Working data:

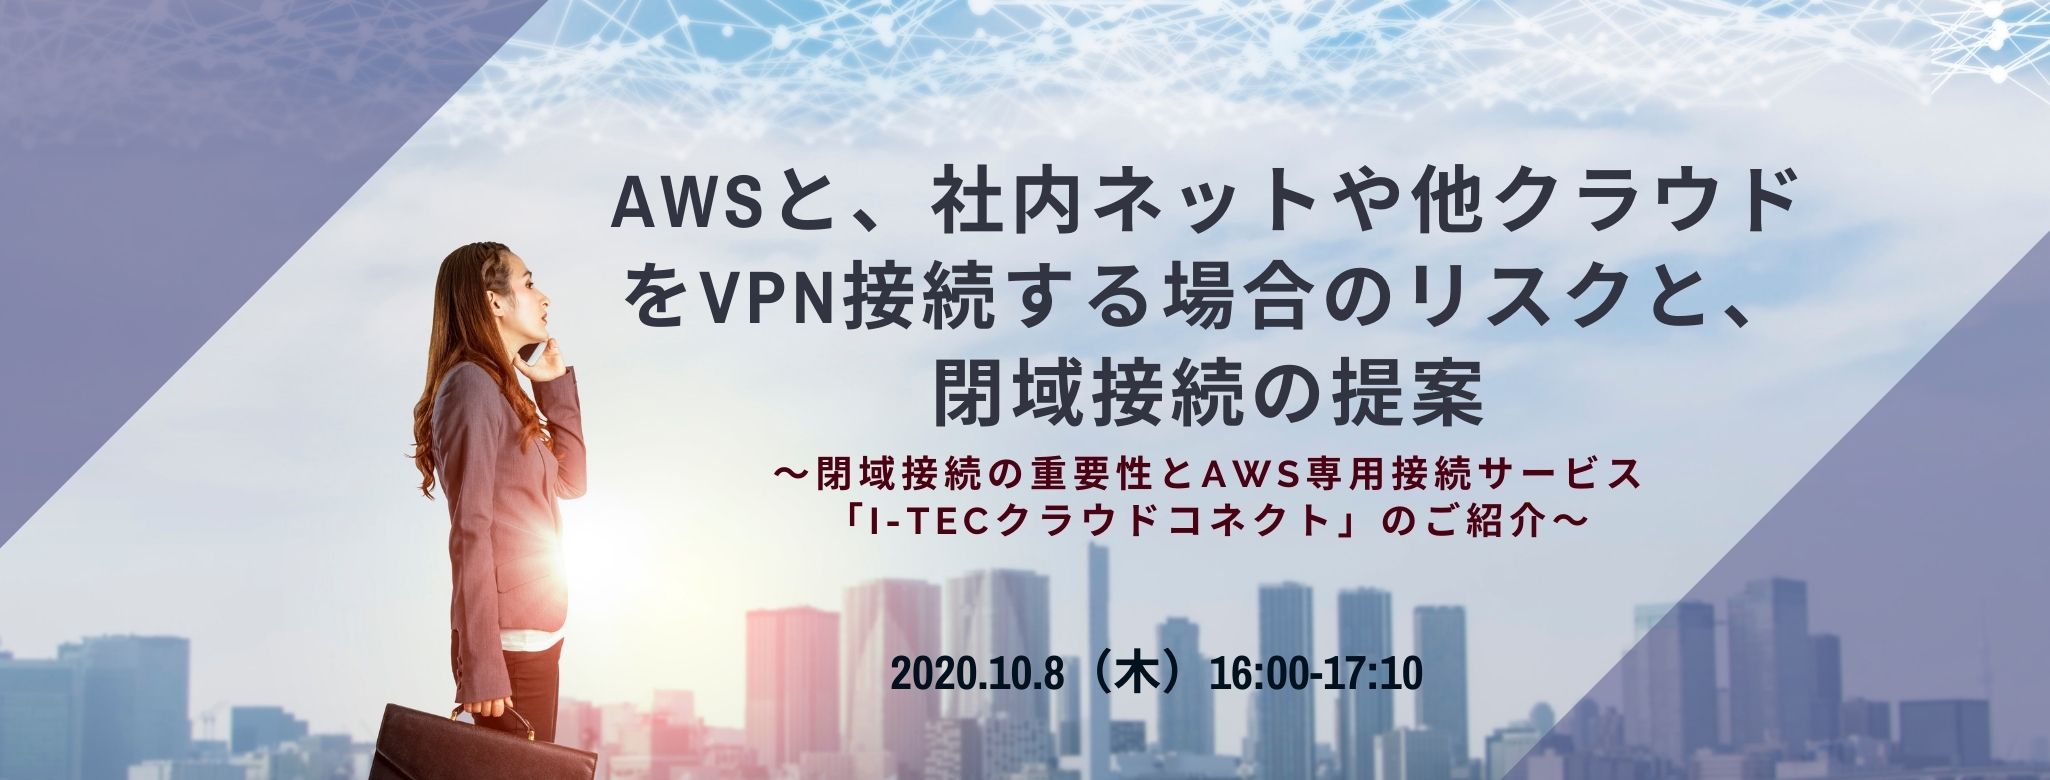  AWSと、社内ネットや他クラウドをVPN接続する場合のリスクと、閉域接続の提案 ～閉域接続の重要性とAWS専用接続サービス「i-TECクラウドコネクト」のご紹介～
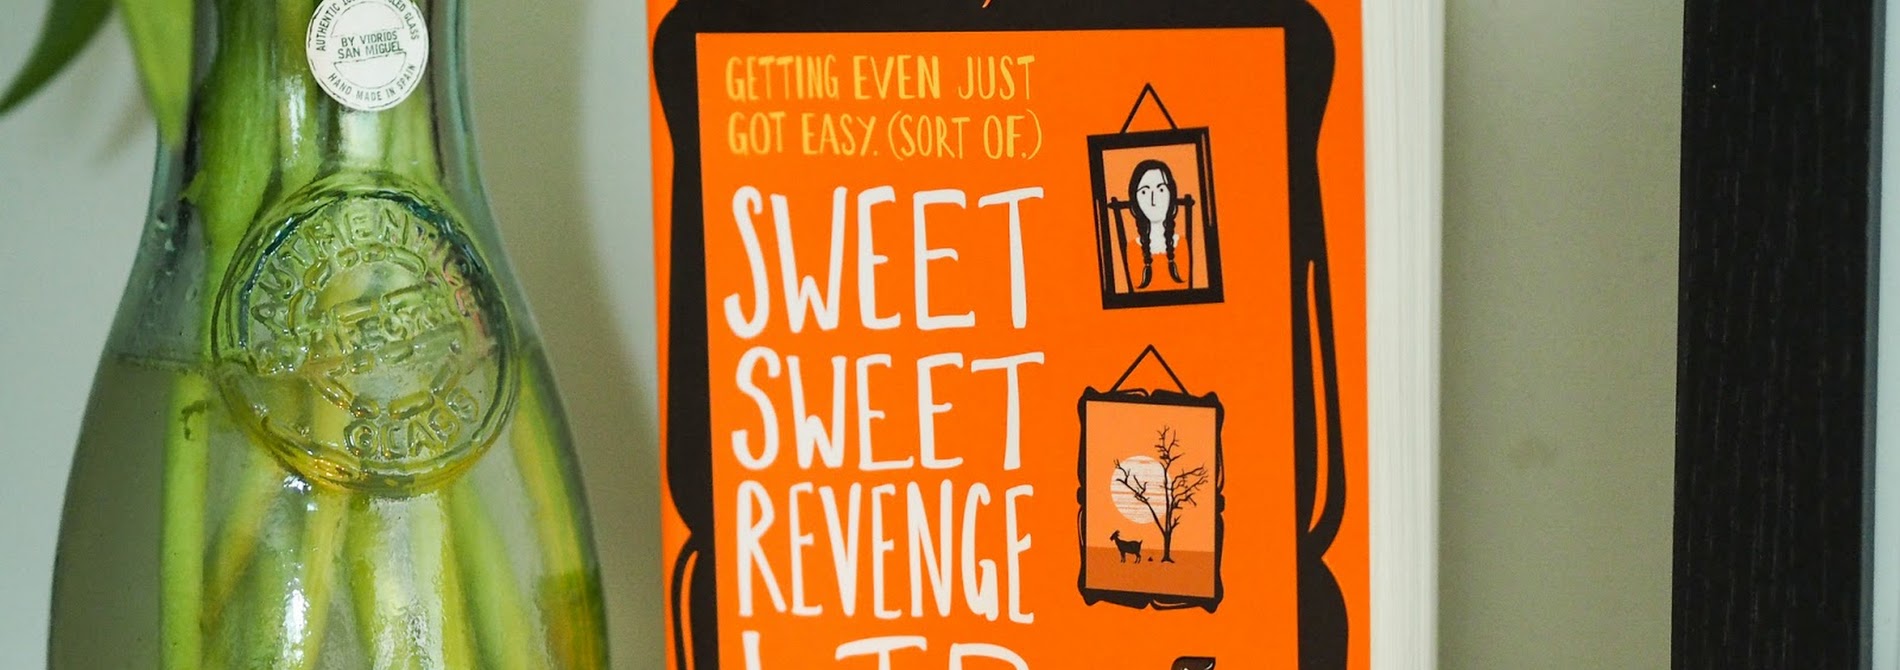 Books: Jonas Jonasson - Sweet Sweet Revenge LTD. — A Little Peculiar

---

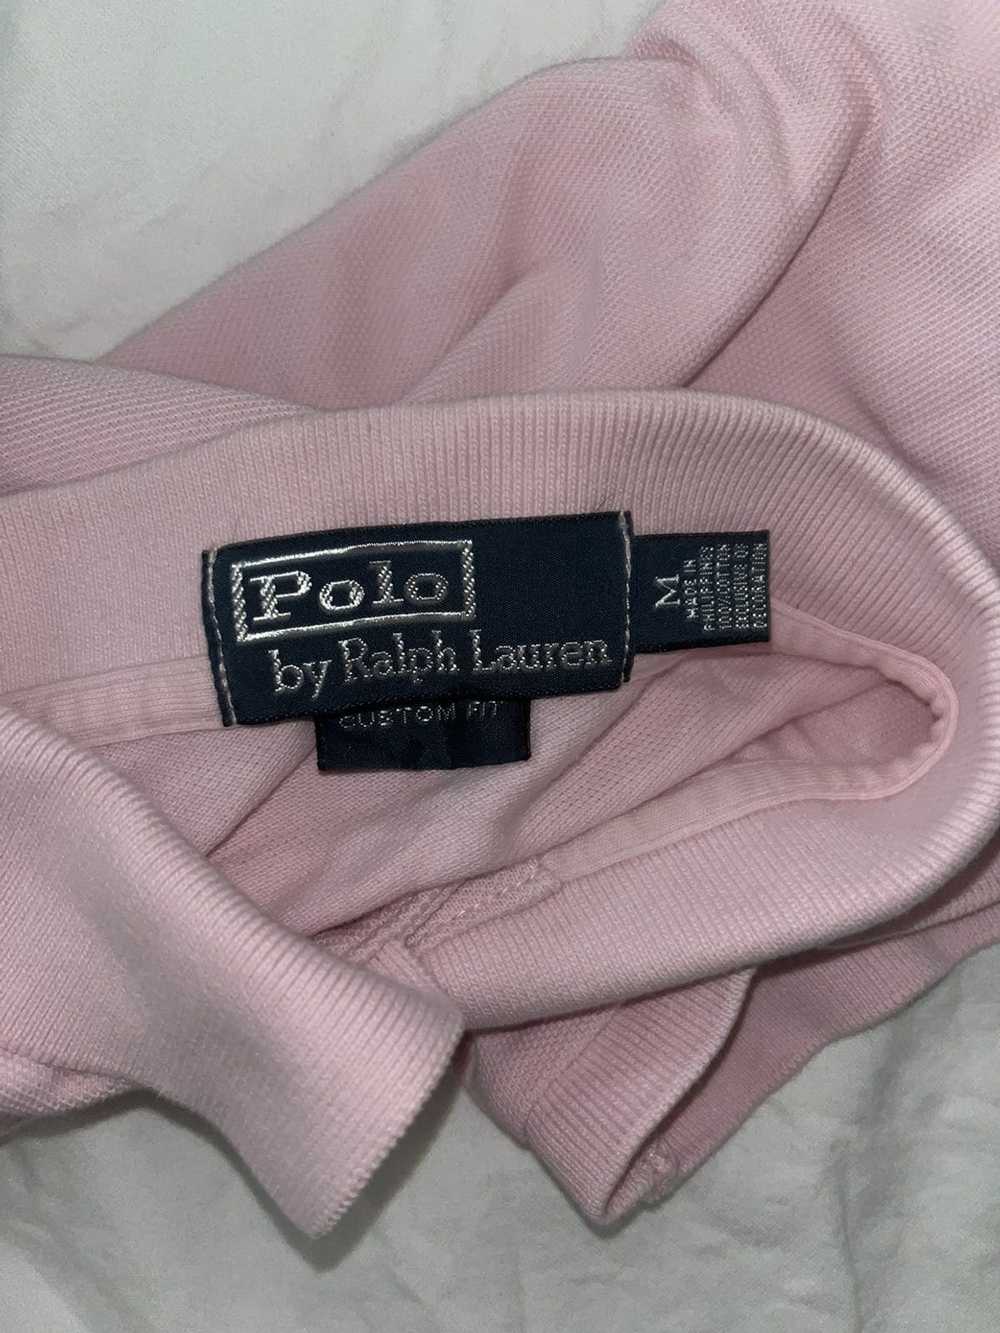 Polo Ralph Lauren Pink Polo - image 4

What the task requires: Copy only this from above: the line containing "AWSと、社内ネットや他クラ", the line containing "Books: Jonas Jonasson", and all lines between, printed exactly. Leave out the pictures.

Worked solution:
  AWSと、社内ネットや他クラウドをVPN接続する場合のリスクと、閉域接続の提案 ～閉域接続の重要性とAWS専用接続サービス「i-TECクラウドコネクト」のご紹介～
 Books: Jonas Jonasson - Sweet Sweet Revenge LTD. — A Little Peculiar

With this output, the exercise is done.